Lol! And my old school just changed their email service to gmail.

That sucks though, I imagine there is a lot of IT headaches right now.
 
This is not going to help when I interview people for Gaming Reinvented. Cause I use Google Docs to track the interview, with the interviewee adding their answers in the blank spaces between questions.

Unfortunately, this scam means that people might look at the whole deal and think of it as too risky. Thanks scammer guys...
 
Lol! And my old school just changed their email service to gmail.

That sucks though, I imagine there is a lot of IT headaches right now.

I think there are similar phishing scams for most other e-mail services. There maybe more phishing scams on smaller e-mail services where it is easier to cover up phishing scams, or blame the user for getting scammed by a phishing scam.

Some small e-mail providers also don't have a lot of Security staff which discover these problems, and people need to rely on a third-party e-mail client, and their antivirus and firewall from protecting them from phishing scams.

People need to be careful to not click on links on e-mails unless they are expecting their friends and family to send them a link to a website or file attachment.

I read on a tech blog that John McAfee, who is McAfee Antivirus inventor, use a phone to call an e-mail's sender to ask them if they sent them an e-mail, and if the e-mail contains links and file attachment before even opening the e-mail, and clicking on links and attachments. I bet, he probably also scans the e-mail for viruses and scam links with multiple virus and phishing scam scanners before he even clicks on it.

It is probably safest to physically contact e-mail users before opening their e-mails to prevent virus, and phishing scams from happening.
 
This is not going to help when I interview people for Gaming Reinvented. Cause I use Google Docs to track the interview, with the interviewee adding their answers in the blank spaces between questions.

Unfortunately, this scam means that people might look at the whole deal and think of it as too risky. Thanks scammer guys...

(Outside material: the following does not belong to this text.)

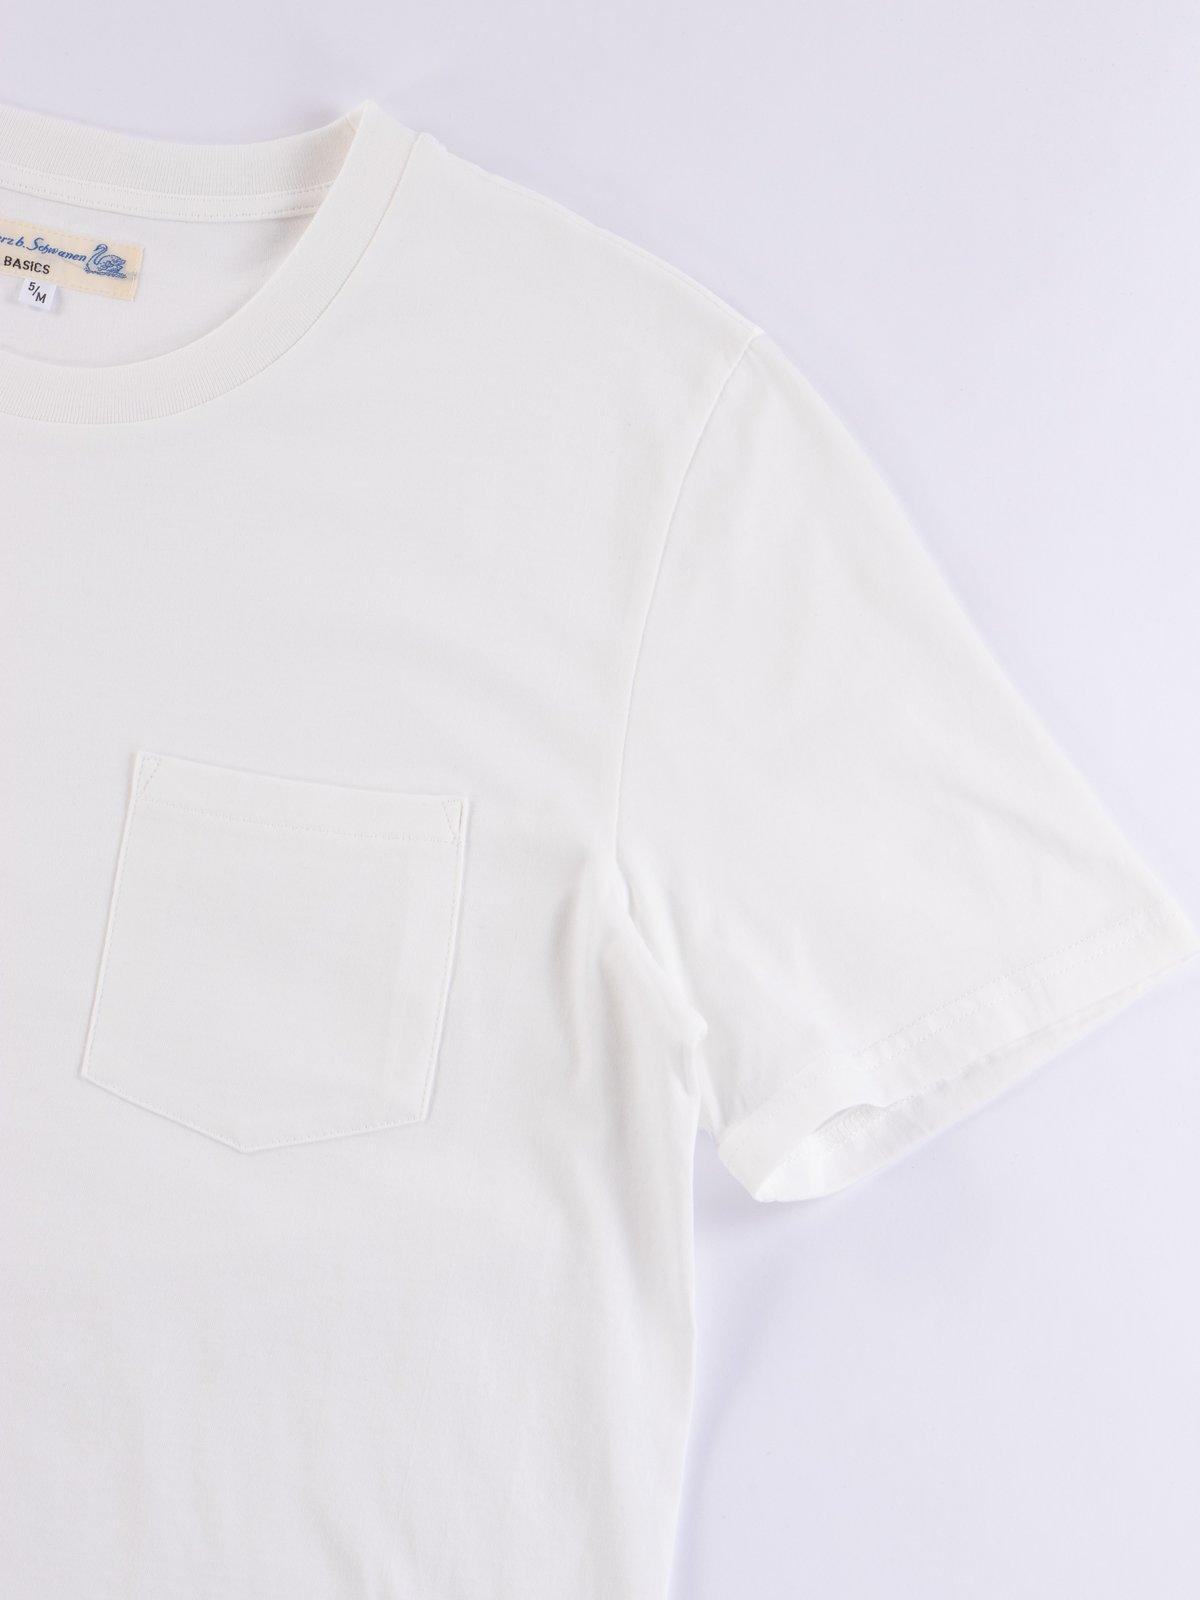 White Good Basics CTP01 Pocket Crew Neck Tee - Image 4

maybe just use a MS word doc instead?
 
maybe just use a MS word doc instead?

Using PM private messaging for interviews may also be an option where you send users a list of question to fill out, and they copy and paste the questions which they answered as a reply. There may also be forum mods which let you make forms for people to fill out for interviews for mod, and admin positions on the forum.

Newer MS Word document files sometimes have incompatibility problems where you can't open a Word 2007 .docx file with Word 2003 and earlier version of Word. Word files had Macro viruses which can infect a PC if the antivirus can't stop the infection, so some people don't like opening Word files unless they have no choice because their boss or classmate sent them a Word file to work on.
 
They can try, but my email is full of spam anyway so they won't find anything useful there. I haven't used it to send anything from messages to documents in years, so I'm pretty sure I'll be fine if the world's email system gets into the hands of hackers and terrorists or whatever.